Diarmaid McDonald
After ten years of success now is not the time to stop investing its future – we have 200 days to save the lives of millions counting on the Fund.
The numbers commonly heard in global health often overwhelm and bamboozle. Pills and patients, dollars and deadlines, doctors and nurses, live and deaths are all counted in the thousands, millions and billions. But this week a more comprehendible milestone was reached when the Global Fund to Fight AIDS, TB & Malaria celebrated its tenth birthday.
In ten short years this overachieving youngster has transformed the health of whole countries and communities. It has moved with unparalleled energy and impact to bring essential AIDS, TB and Malaria services to people in desperate need right across the African, Asian and South American continents. And the reward for the effort expended by all involved in the Fund could hardly be greater – an extra 7.7 million people alive to celebrate this moment. Here’s the Fund’s take on the first ten years:
The impact on the global AIDS pandemic has been incredible. When the Fund opened its doors there were only a few hundred thousand accessing the essential ARV treatment needed to prevent people with HIV dying from AIDS. Over the last decade the Global Fund, along with the USA’s PEPFAR programme, has helped get more than 7 million onto treatment. These numbers are mind boggling, but the simple and stunning effect of giving life to a mother, father or child is easy to comprehend.
In the last year we have seen glorious new horizons come into view. The evidence that HIV treatment also virtually eliminates the risk of a person living with HIV transmitting the virus to their partner gives us a prevention weapon more powerful than most could have hoped for. Combined with new, smart thinking on how we best use our resources to support the right kind of interventions, we can now seriously aim for an end to AIDS. Hillary Clinton and Barack Obama have already set the US on that course.
But just as we’ve witnessed the most exciting breakthrough since the development of the first HIV medication, donors have slammed on the breaks. Following a replenishment in New York in 2010 which aimed for $20bn, needed a minimum of $13bn, but secured only $11.7bn, the Fund has been undermined by delayed payments from donors following media reports which misrepresented the scale of low level corruption the Fund itself had uncovered with its own systems.

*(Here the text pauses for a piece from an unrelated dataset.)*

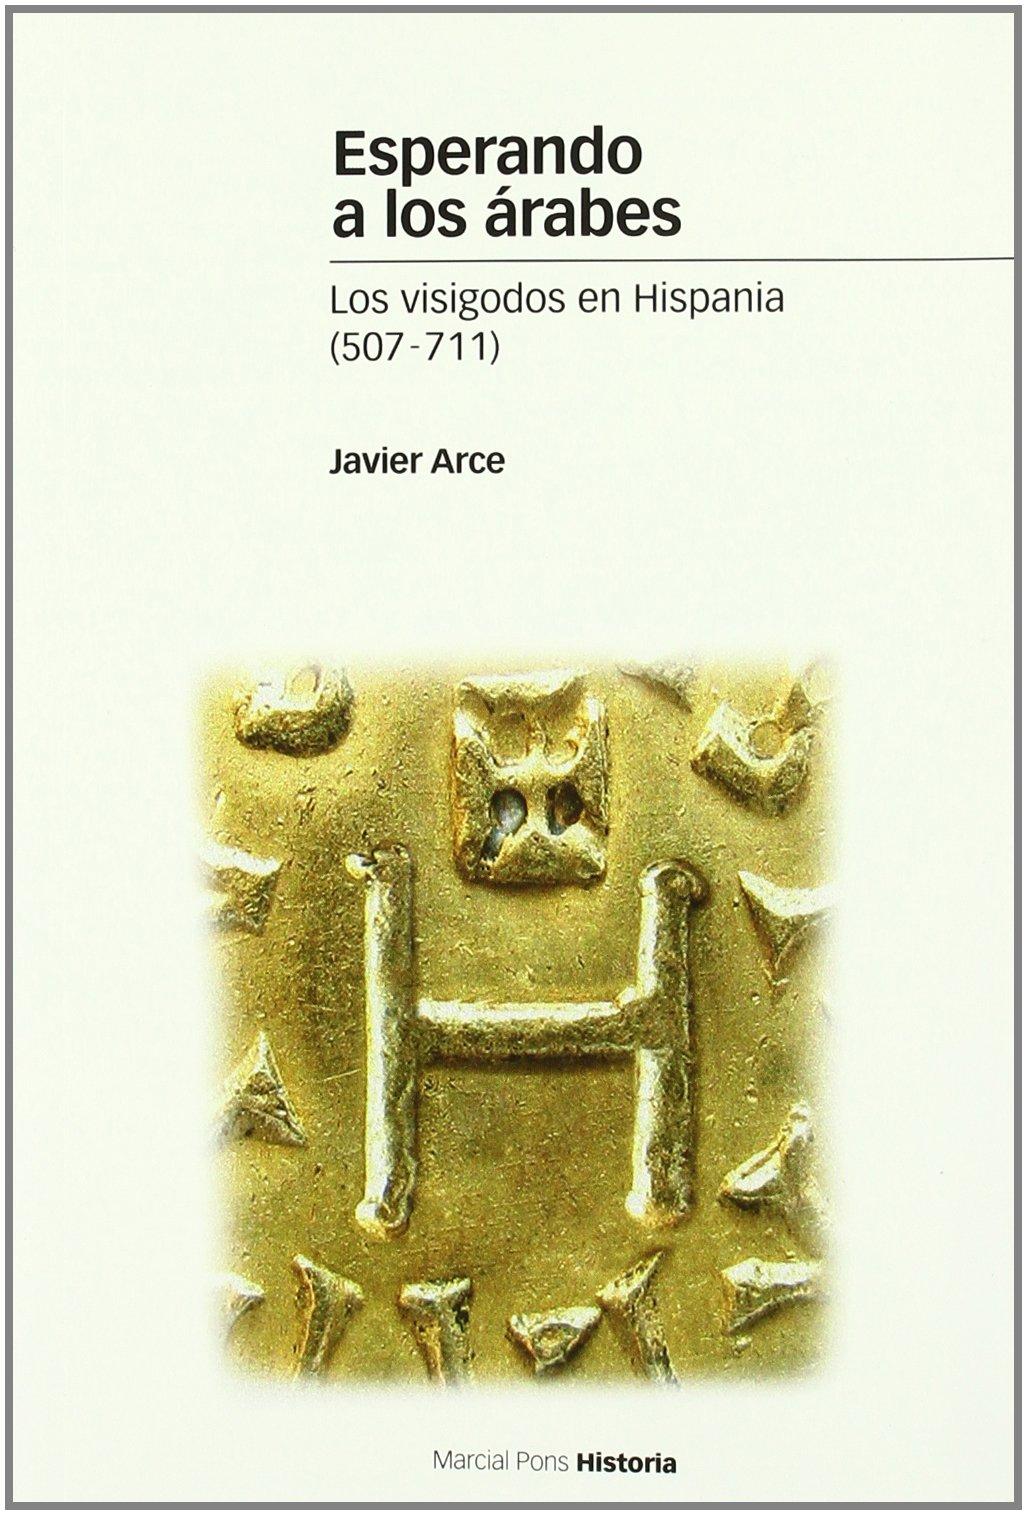 ESPERANDO A LOS ÁRABES: Los visigodos en Hispania 507-711 : 86 Estudios: Amazon.es: Arce, Javier: Libros

Corruption – which takes funds away from lifesaving programmes – can never be tolerated and the reforms the Fund is undertaking to punish those involved and further strengthen its systems are vital. But the weak pledges made by donors and delayed payments have led to the cancellation of the Fund’s latest funding round for the first time in its history, freezing new programmes until 2014.
Campaign members, the International AIDS Alliance, have compiled a report which details how millions of lives are at risk as a result of this decision in just five of the countries looking to the Fund for support. No excuses are acceptable. This cannot be allowed to stand. The Stop AIDS Campaign has joined a global call for an emergency replenishment within the first 200 days of 2012 to allow countries to restart efforts to reach all of their people with lifesaving HIV prevention, treatment and care as soon as possible.
The UK government must lead the international effort to make this replenishment happen and make it a success. They must now deliver on their long held commitment to give more to the Fund by doubling their contribution and helping to ensure we can keep growing the response over the next ten years until our efforts match the scale of the challenge we face.